Christopher Conlon, editor, |
(Cemetery Dance, 2006)
Anthologies are not unusual. But, an anthology of stories written in collaboration with a dead author -- now that is different.
And, we're not talking about just any dead author. Christopher Conlon had the unique idea of having 23 modern writers pen their versions of a story fragment written by Edgar Allan Poe. The four-page fragment, believed to have been begun in 1849, may have been the last story Poe attempted.

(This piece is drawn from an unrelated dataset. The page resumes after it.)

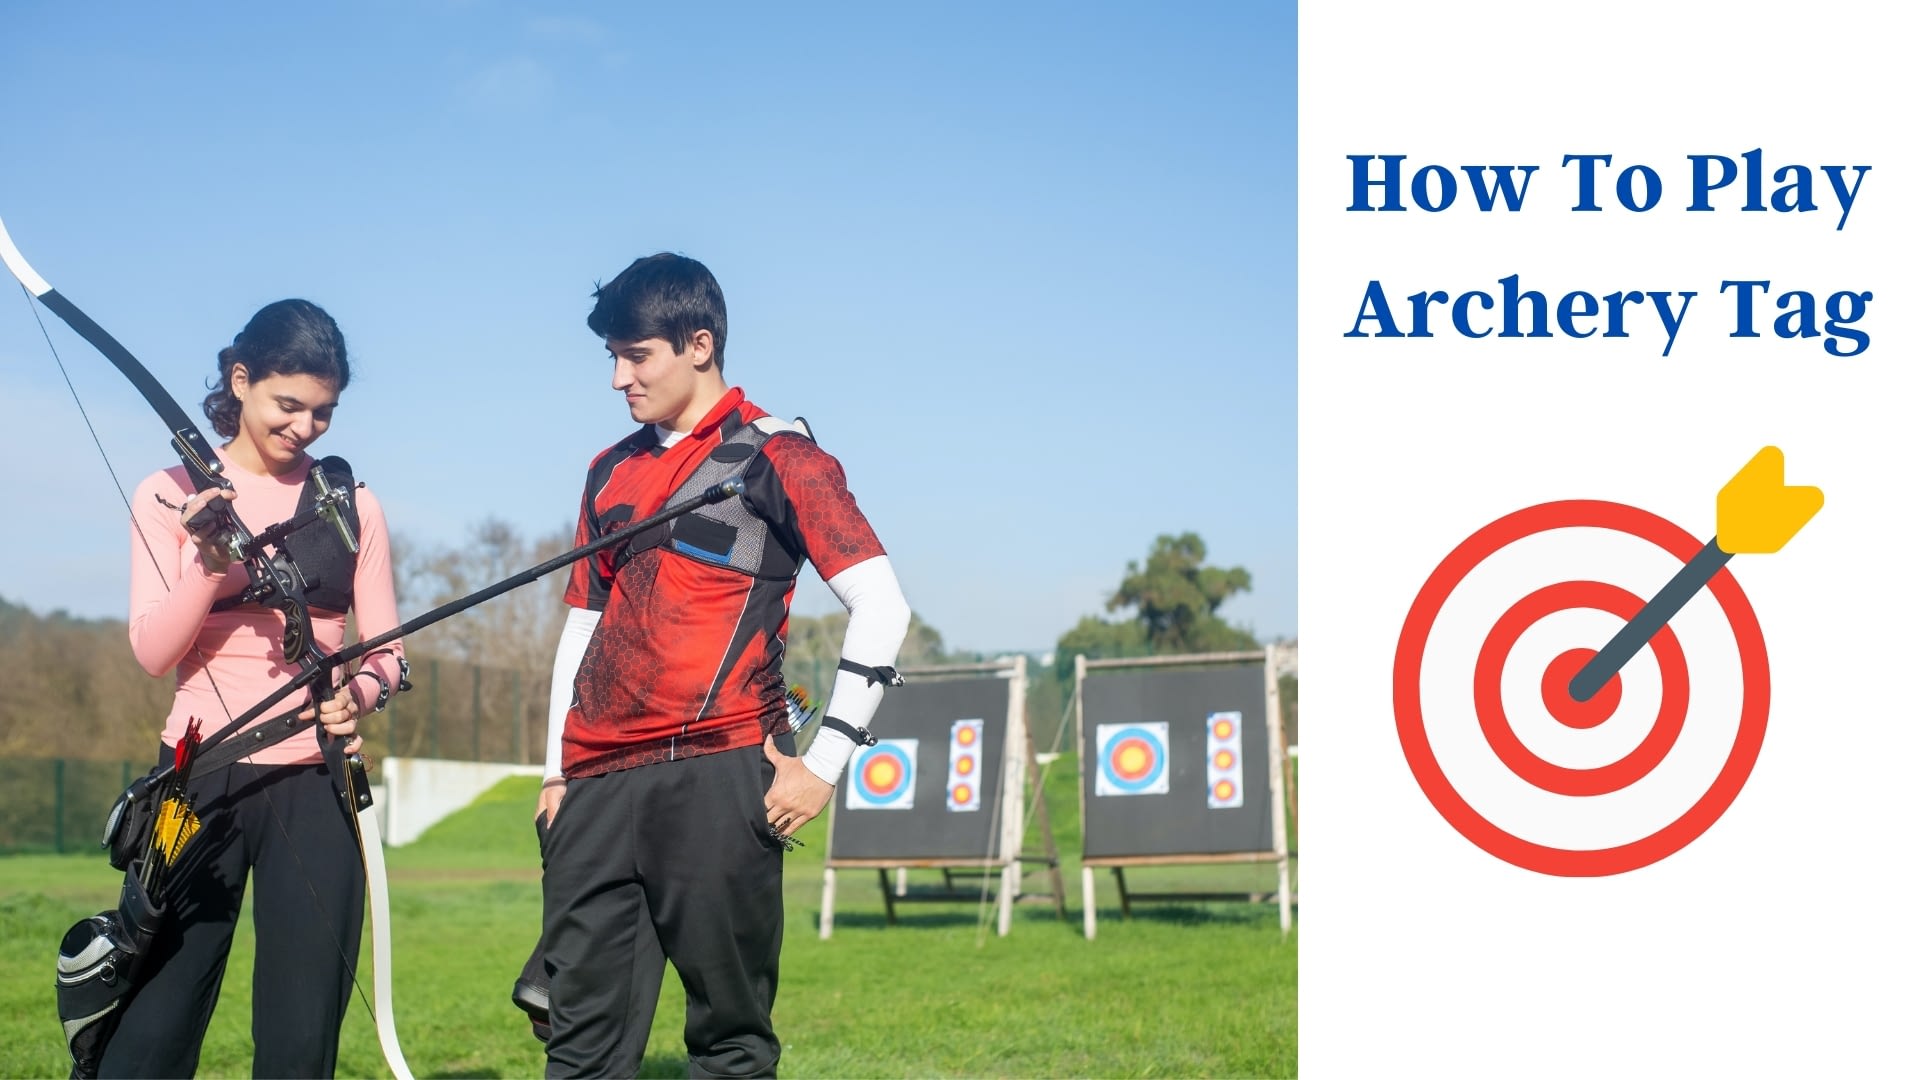 How To Play Archery Tag

The fragment, a mere four pages, begins with journal entries of a man who has just signed on as a lighthouse keeper -- hence the title. Since the story is not complete, no one knows what Poe intended. Conlon, who penned one of the stories, allowed the team free rein on their imagination and the results provide a variety of stories utilizing the central theme.
Poe's story as written establishes a man, possibly of noble blood, beginning solitary duty at a lonely lighthouse. The man, quite obviously a nervous fellow, specifically desired solitude, for an unknown purpose. It mentions a few other characters by name, including a large dog, Neptune, and describes the lighthouse to some extent.
The instructions, according to Conlon, were simple: finish the story using Poe's language, images and ideas. His exact words need not be included.
Accordingly, some of the writers hewed closely to Poe's style while others have gone off to fantastic realm that may have amazed or even shocked the master. Most of the writers will be familiar to readers in the horror and science fiction genre. The stories run the gamut from gothic to horror, science fiction to fantasy and there's even a bit of erotica thrown in for good measure.
My personal favorites include Scott Nicholson's "Last Writes," Richard A. Lupoff's "Fourth Avenue Interlude," Earl Hamner's "A Passion for Solitude" and John Shirley's "Blind Eye."
Naturally, personal taste will dictate which stories one prefers. But, be assured, there's something for everyone here, and I think Poe would have found the experiment to his liking.